Before the memorial service, the shelter manager, Suellen, asked if Natalia and I wanted to go upstairs and see our mother’s room. We said yes, and followed her to the second floor. “This is where she slept,” said Suellen. The room was only big enough to squeeze in two single beds. It opened into a larger room of bunk beds where many women slept. There was no door to close between the two rooms. Suellen told us that our mother got a little more privacy because she was elderly and ill. My sister and I stood in the entrance and peered in. I thought of us in our grandma’s twin beds, and the trees outside the window that I gazed at each morning. I remembered our grandma’s scratchy blankets, like the one covering our mother’s bed at the shelter, the comforting plunk-plunk of rain on the roof drowning out our mother’s nighttime rants. Her shelter room looked like a room in a barracks, and yet it was her safe house, her refuge, her home. In the end, my mother had one hundred daughters. They watched over her like my sister and I ultimately couldn’t do. We would have had to give up our lives for her, and our art, the two things she taught us to hold most sacred and dear.

When we walked back downstairs, the community room was already full of people—women from the shelter; the director and staff from MHS, social workers, Cathy and her family, Agostino and other old friends, Doug, his daughter Sianna, my sister’s husband, Kerry.

Many women from the shelter spoke, but the most poignant of all was a woman in her forties whose name I have since forgotten. She had lost her own mother to cancer, and had a sister who suffered from schizophrenia. “If you want to get attention for something, whisper,” she said. “Miss Norma had a life of whispering. She taught me to dismiss the noise. Pay attention to what really matters. The life that Miss Norma had is still going on in all of you. And I want you to know one more thing—I have walked in your shoes in sorrow,” she said. “But I know that God gives us no more than we can bear.”

I’m too tired to walk along the lake back to Nancy’s, so I hop the 146 going north on Michigan.

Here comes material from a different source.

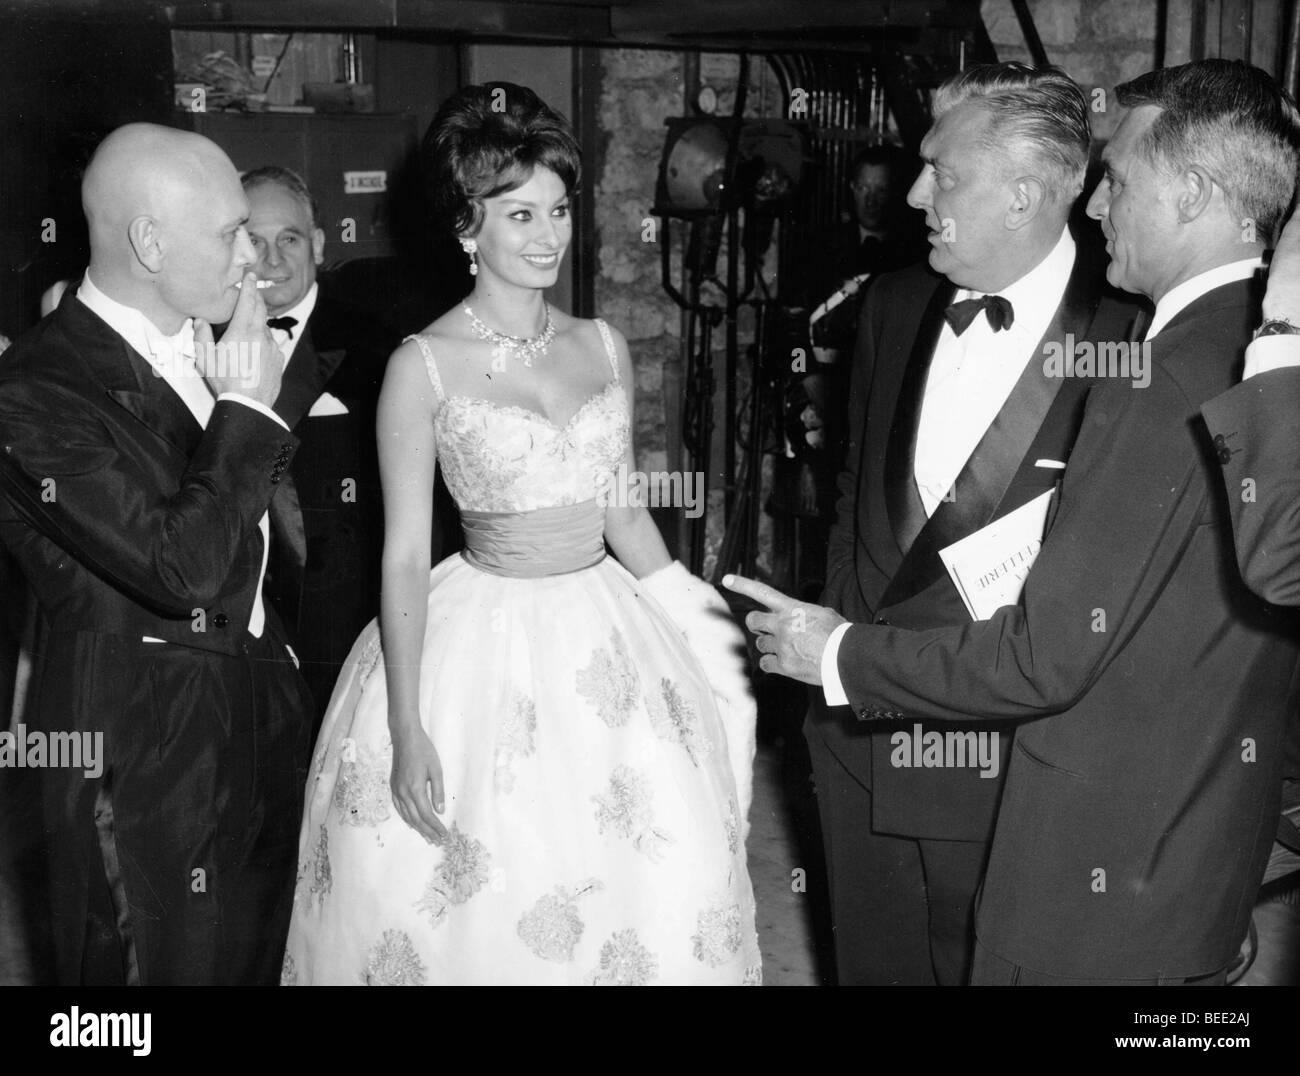 Sophia Loren Yul Brynner Cary Grant And Jacques Tati At

The bus hums with chattering tourists; outside the open windows the clamoring
of Chicago construction and traffic assaults my brain. “Dismiss the noise,” I say to myself. I close my eyes and lean back to rest. I see my mother in a room of women talking loudly. She hears every conversation in her head, the radio next door, shouting from the kitchen, cars and dogs outside on the street. My mother says something barely audible above the noise... he says... he says... he says... the only time in her life that she ever told me what her voices said to her was at her death. My mother, and her sad beautiful life of whispering.

The next morning I take myself out to breakfast. I notice a homeless man outside the restaurant, leaning against the door. He’s half asleep or drunk. Should I offer him the rest of my eggs? But I’m too embarrassed. He might be insulted that I’m not offering him a meal of his own. Would my mother have taken the plate from my hands?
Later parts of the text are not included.